Whatever deeply rooted historical antagonisms exist in these countries, oil
production itself usually acts as a further destabilizing influence. Sudden
infusions of petroleum wealth in otherwise poor and underdeveloped countries
tend to deepen divides between rich and poor that often fall along ethnic or
religious lines, leading to persistent conflict over the distribution of
petroleum revenues. To prevent such turbulence, ruling elites such as the
royal family in Saudi Arabia or the new oil potentates of Azerbaijan and
Kazakhstan restrict or prohibit public expressions of dissent and rely on
the repressive machinery of state security forces to crush opposition
movements. With legal, peaceful expressions of dissent foreclosed in this
manner, opposition forces soon see no options but to engage in armed
rebellion or terrorism.

There is another aspect of this situation that bears examination. Many of
the emerging oil producers in the developing world were once colonies of and
harbor deep hostility toward the former imperial powers of Europe. The
United States is seen by many in these countries as the modern inheritor of
this imperial tradition. Growing resentment over social and economic traumas
induced by globalization is aimed at the United States. Because oil is
viewed as the primary motive for US involvement in these areas, and because
the giant US oil corporations are seen as the very embodiment of US power,
anything to do with oil - pipelines, wells, refineries, loading platforms -
is seen by insurgents as a legitimate and attractive target for attack;
hence the raids on pipelines in Iraq, on oil-company offices in Saudi
Arabia, and on oil tankers in Yemen.

Militarizing energy policy
US leaders have responded to this systemic challenge to stability in
oil-producing areas in a consistent fashion: by employing military means to
guarantee the unhindered flow of petroleum. This approach was first adopted
by the administrations of Harry Truman and Dwight Eisenhower after World War
II, when Soviet adventurism in Iran and pan-Arab upheavals in the Middle
East seemed to threaten the safety of Persian Gulf oil deliveries. It was
given formal expression by president Jimmy Carter in January 1980 when, in
response to the Soviet occupation of Afghanistan and the Islamic revolution
in Iran, he announced that the secure flow of Persian Gulf oil was in "the
vital interests of the United States of America", and that in protecting
this interest the United States would use "any means necessary, including
military force". Carter's principle of using force to protect the flow of
oil was later cited by president George H W Bush to justify US intervention
in the Gulf War of 1990-91, and it provided the underlying strategic
rationale for America's recent invasion of Iraq.

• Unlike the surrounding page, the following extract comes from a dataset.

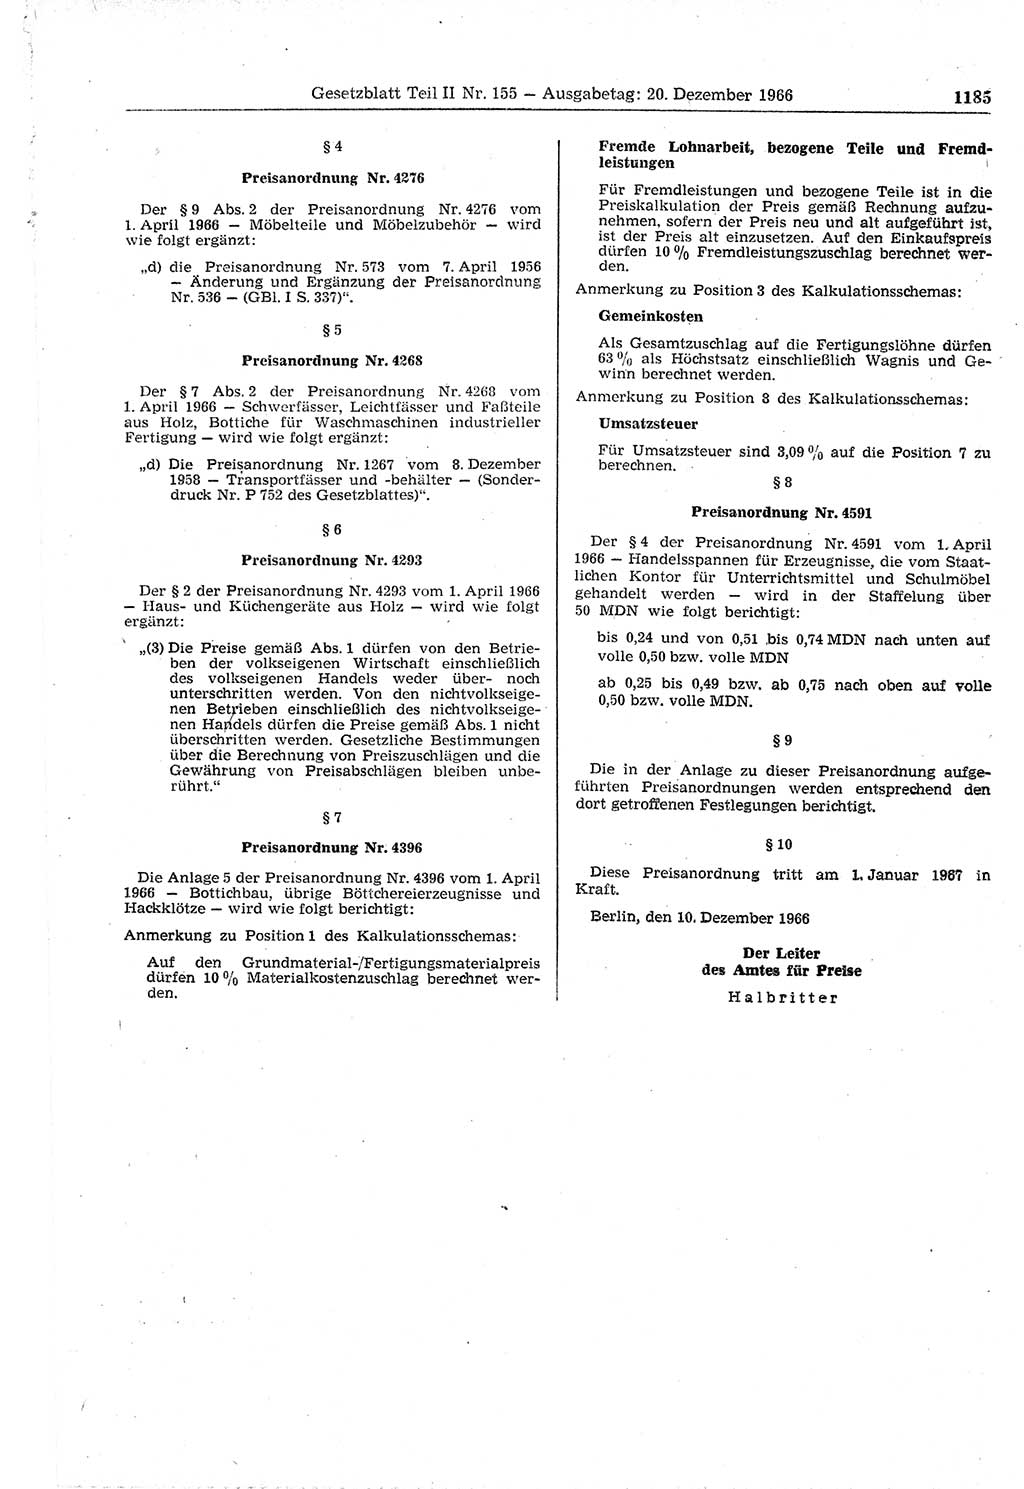 Gesetzblatt (GBl.) der Deutschen Demokratischen Republik (DDR) Teil ⅠⅠ 1966, Seite 1185 (GBl. DDR ⅠⅠ 1966, S. 1185)

Originally, this policy was largely confined to the world's most important
oil-producing region, the Persian Gulf. But given America's ever-growing
requirement for imported petroleum, US officials have begun to extend it to
other major producing zones, including the Caspian Sea basin, Africa and
Latin America. The initial step in this direction was taken by president
Bill Clinton, who sought to exploit the energy potential of the Caspian
basin and, worrying about instability in the area, established military ties
with future suppliers, including Azerbaijan and Kazakhstan, and with the
pivotal transit state of Georgia. It was Clinton who first championed the
construction of a pipeline from Baku to Ceyhan and who initially took steps
to protect that conduit by boosting the military capabilities of the
countries involved. President George W Bush has built on this effort,
increasing military aid to these states and deploying US combat advisers in
Georgia; Bush is also considering the establishment of permanent US military
bases in the Caspian region.

Typically, such moves are justified as being crucial to the "war on terror".
A close reading of Pentagon and State Department documents shows, however,
that anti-terrorism and the protection of oil supplies are closely related
in administration thinking. When requesting funds in 2004 to establish a
"rapid-reaction brigade" in Kazakhstan, for example, the State Department
told Congress that such a force is needed to "enhance Kazakhstan's
capability to respond to major terrorist threats to oil platforms" in the
Caspian Sea.

As noted, a very similar trajectory is now under way in Colombia. The US
military presence in oil-producing areas of Africa, though less conspicuous,
is growing rapidly. The Department of Defense has stepped up its arms
deliveries to military forces in Angola and Nigeria, and is helping to train
their officers and enlisted personnel; meanwhile, Pentagon officials have
begun to look for permanent US bases in the area, focusing on Senegal,
Ghana, Mali, Uganda and Kenya. Although these officials tend to talk only
about terrorism when explaining the need for such facilities, one officer
told Greg Jaffe of the Wall Street Journal in June 2003 that "a key mission
for US forces [in Africa] would be to ensure that Nigeria's oilfields, which
in the future could account for as much as 25% of all US oil imports, are
secure".

An increasing share of US naval forces is also being committed to the
protection of foreign oil shipments. The navy's 5th Fleet, based at the
island state of Bahrain, now spends much of its time patrolling the vital
tanker lanes of the Persian Gulf and the Strait of Hormuz - the narrow
waterway connecting the Gulf to the Arabian Sea and the larger oceans
beyond. The navy has also beefed up its ability to protect vital sea lanes
in the South China Sea - the site of promising oilfields claimed by China,
Vietnam, the Philippines and Malaysia - and in the Strait of Malacca, the
critical sea-link between the Persian Gulf and America's allies in East
Asia. Even Africa has come in for increased attention from the navy. To
increase the US naval presence in waters adjoining Nigeria and other key
producers, carrier battle groups assigned to the European Command (which
controls the South Atlantic) will shorten their future visits to the
Mediterranean "and spend half the time going down the west coast of Africa",
the command's top officer, General James Jones, announced in May 2003.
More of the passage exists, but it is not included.